Чем больше времени мы проводили с Варенькой, тем отчетливее я видел, что с девочкой что-то не так. Говорила она немного. Фразы были отточены, всегда одинаковые от первого до последнего слова. Движения резкие, однообразные, походка странная. Я пугался первое время и чувствовал себя неловко, когда она с криком принималась колотить меня или, что еще хуже, себя, если ей что-то не нравилось. Тетушка говорила, что доктора называют это состояние «детское безумие», чем помочь девочке, не знают.

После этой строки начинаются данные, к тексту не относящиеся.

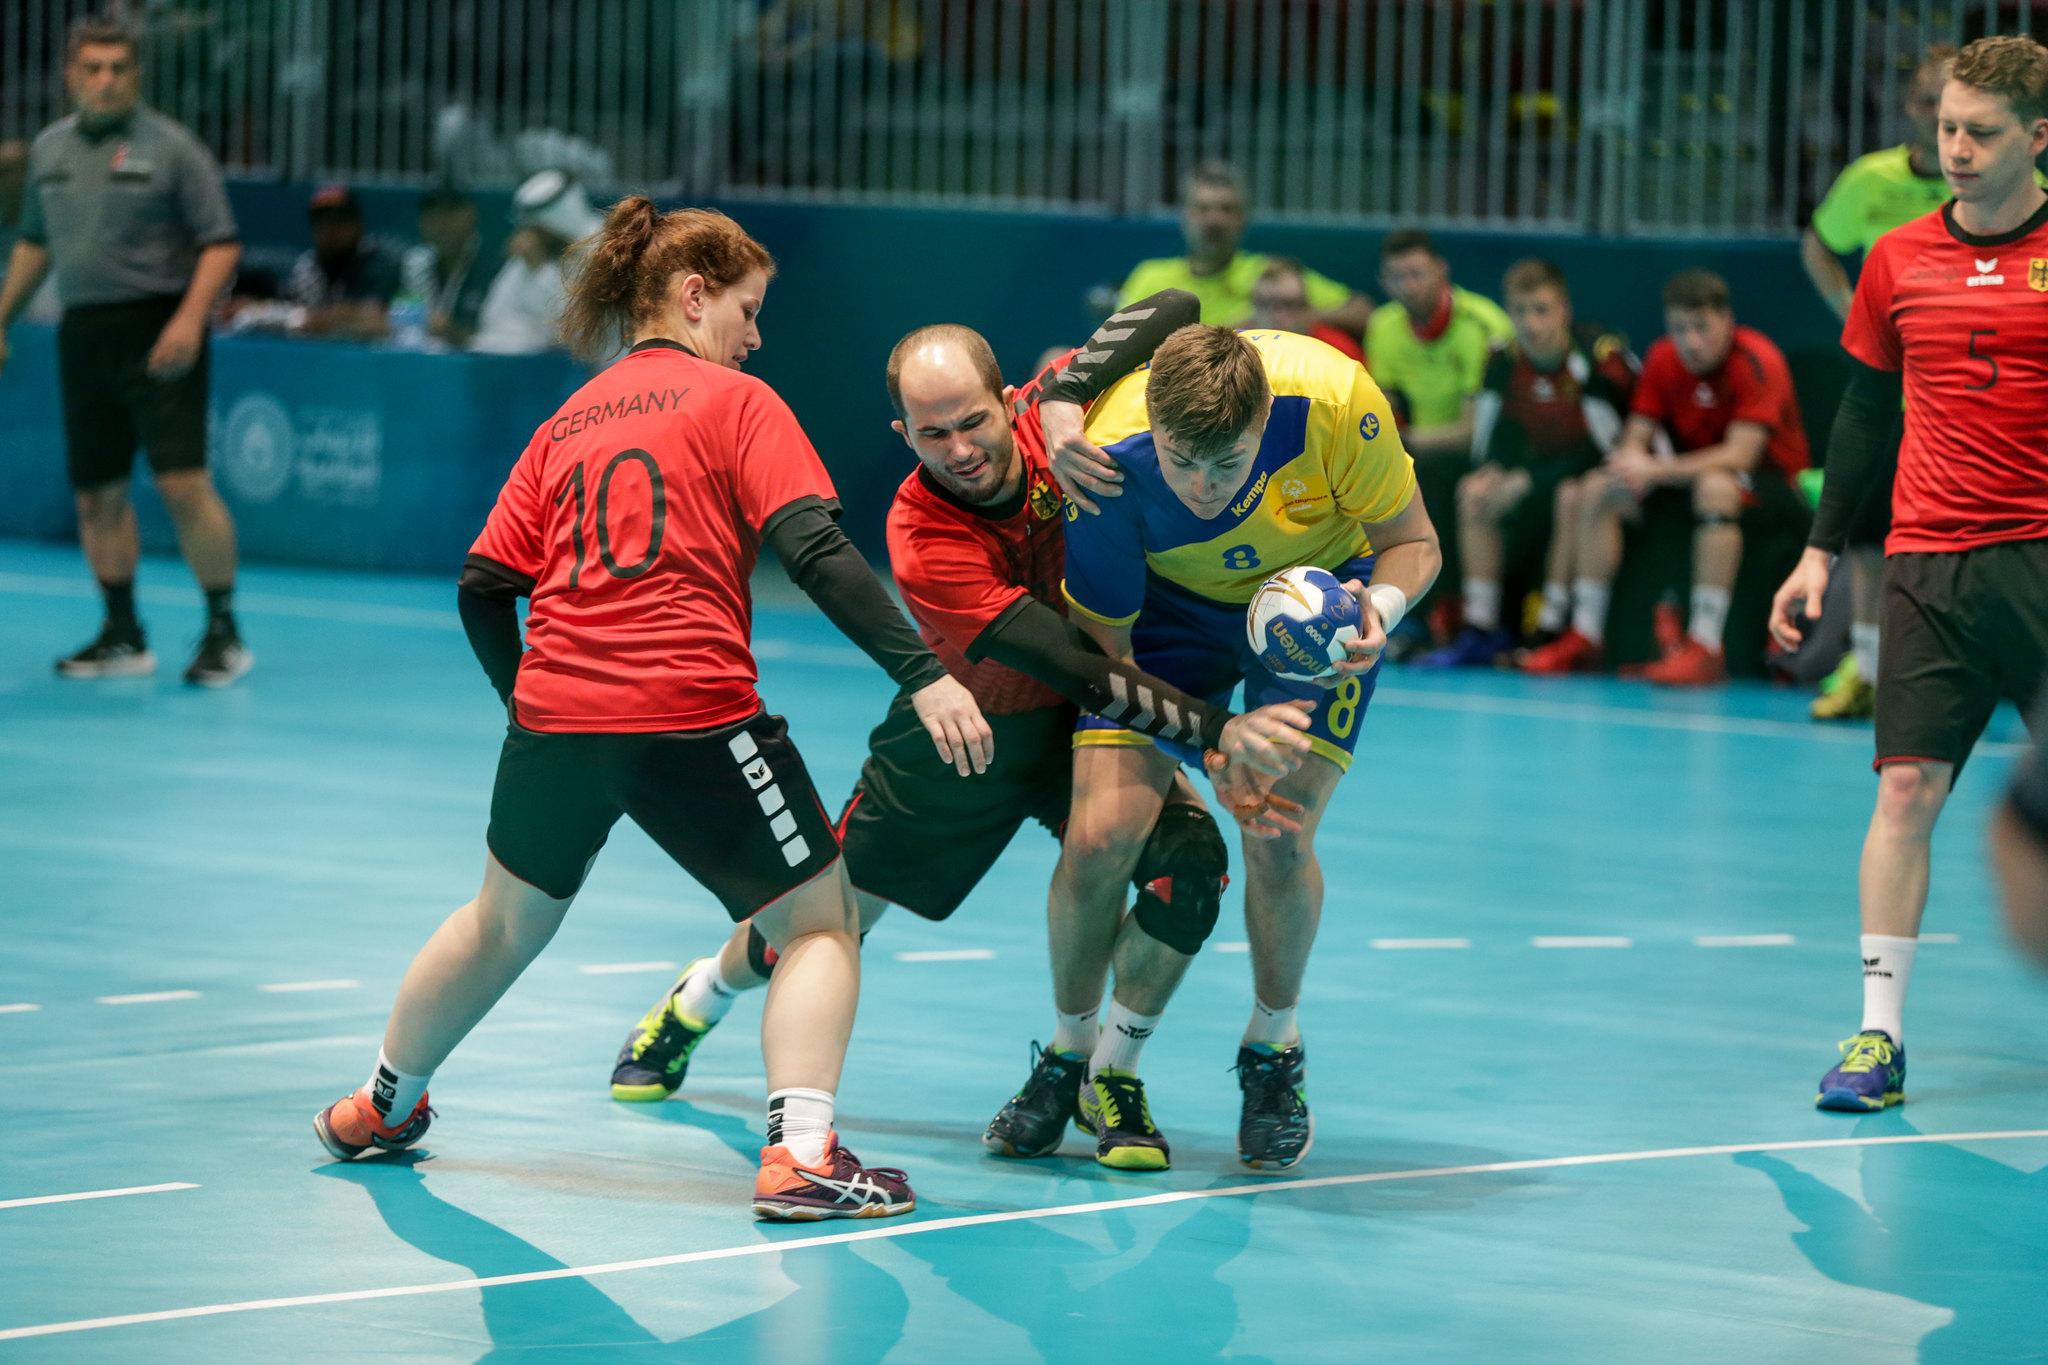 Handball, Special Olympics World Summer Games Abu Dhabi 2019

Со временем Варенька привыкла ко мне. Подолгу сидела рядом со мной, смотрела в одну точку и, казалось, думала о чем-то своем или выкладывала в ряд мелкие предметы на моем столе. В этом своем поведении она напоминала мне меня самого в момент потери Лизоньки.
Тогда я стал рассказывать ей о фотографии, показывал камеру, мы рассматривали сделанные снимки. Варенька узнавала знакомые места и вещи, тетушку, родных. Так мы стали общаться. Я стал делать снимки специально для Вареньки. Стал фотографировать ее возле разных предметов и в разных местах, чтобы девочка могла показать мне карточку, если что-то не могла назвать. Процесс увлек меня. Мы с Варенькой принялись делать альбом с ее снимками, ездили в город и фотографировали ее в разных местах. Варенька радостно воспринимала мои попытки общаться с ней при помощи фотокарточек. Иногда она поднимала на меня свои глаза и мычала: «Владииимир». В этот момент мне разрешалось погладить ее по золотым кудряшкам и не получить кулачками в ответ.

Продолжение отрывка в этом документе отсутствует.